Recently a very interesting result
$\int_0^1\frac{\ln(1-x)}{1+x^2}\mathrm{d}x+\int_0^1\frac{\arctan x}{x(1+x)}\mathrm{d}x=0$
has been proved in a more than elegant way. See Show that $\int_0^1\frac{\ln(1-x)}{1+x^2}\mathrm{d}x+\int_0^1\frac{\arctan x}{x(1+x)}\mathrm{d}x=0$
Here we find the value of the integral
$I=\int_{0}^1 \frac{\log(1-x)}{1+x^2} dx$
Let $x=\tan t$, then
$I=\int_{0}^{\pi/4} \log(1-\tan t) dt.$
By IVth property, we get
$I=\int_0^{\pi/4} \log (1-\tan(\pi/4-t)) dt=\int_{0}^{\pi/4} \log \left( 1-\frac{1-\tan x}{1+\tan x}\right) dt=\int_{0}^{\pi/4} \log (2 \tan x)~dx-\int_{0}^{\pi/4}\log(1+\tan x)dx=\frac{\pi}{4} \log 2+J-K.$
$J=\int_{0}^{\pi/4} \log \tan x ~dx=-C,$ see Definite integral $\int_0^{\pi/4}\log\left(\tan{x}\right)\ dx$
Let us work for $K=\int_{0}^{\pi/4} \log(1+\tan x) dx$, by IV property, again we get
$K=\int_0^{\pi/4} \log (1+\tan(\pi/4-t)) dt=\int_{0}^{\pi/4} \log \left( 1+\frac{1-\tan x}{1+\tan x}\right) dt=\int_{0}^{\pi/4} \log 2~ dx-K \implies K=\frac{\pi}{8} \log 2.$
Finally, we get $I=\frac{\pi}{8}\log 2-C,$ where $C$ is the Catalan constant.

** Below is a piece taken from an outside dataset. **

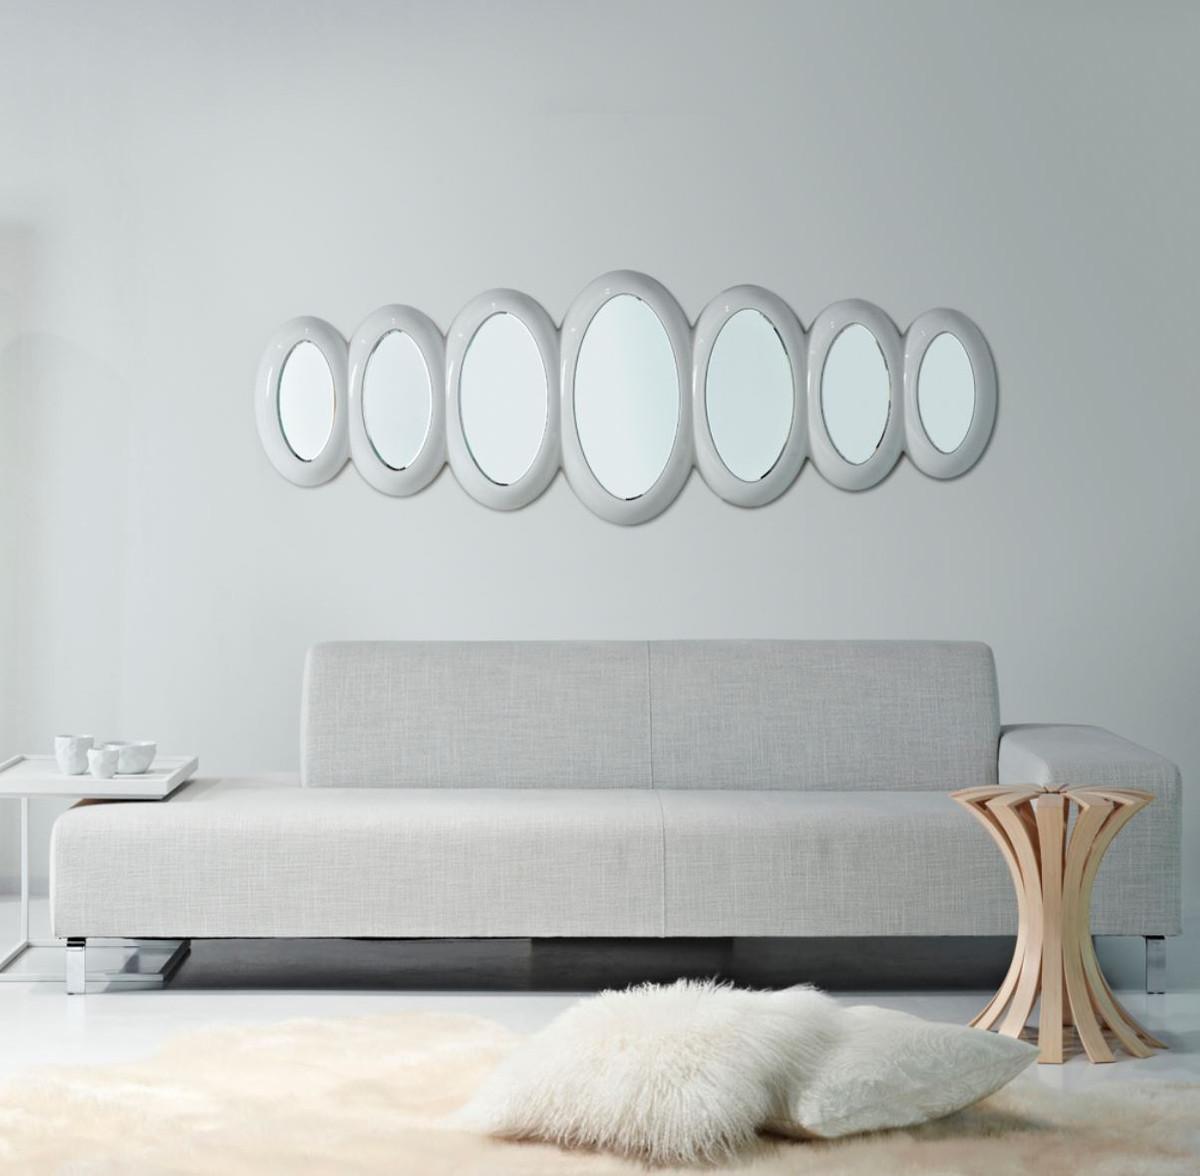 casa padrino luxus designer spiegel hochglanzwei 195 x h 67 cm hotel kollektion spiegel. Black Bedroom Furniture Sets. Home Design Ideas

What could be other interesting ways of finding $I$?
Best Answer
Perhaps a cleaner way is to consider the integral $$ \int_1^\infty \frac{\ln(u-1)}{1+u^2}du. $$ First, perform the substitution $u\rightarrow (u+1)/(u-1) = 1 + 2/(u-1)$ to get $$ \int_1^\infty \frac{\ln(u-1)}{1+u^2}du = \int_1^\infty \frac{\ln\left(\frac{2}{u-1}\right)}{1+u^2}du = \frac{\pi}{4}\ln2 -\int_1^\infty \frac{\ln(u-1)}{1+u^2}\Longrightarrow \int_0^1\frac{\ln(u-1)}{1+u^2} = \frac{\pi}{8}\ln 2. $$ Now use the substitution $u\rightarrow x^{-1}$ to get $$ \int_1^\infty \frac{\ln(u-1)}{1+u^2}du = \int_0^1\frac{\ln(x^{-1}-1)}{1+x^2}dx = \int_0^1\frac{\ln(1-x)}{1+x^2}dx -\int_0^1\frac{\ln x}{1+x^2}dx = \frac{\pi}{8}\ln 2. $$ Rearranging gives us an expression for the original integral: $$ \int_0^1\frac{\ln(1-x)}{1+x^2}dx = \frac{\pi}{8}\ln 2 + \int_0^1\frac{\ln x}{1+x^2}dx = \frac{\pi}{8}\ln 2 - C, $$ where $\int_0^1\ln(x)/(1+x^2)dx = -C$ is apparently a well-known integral.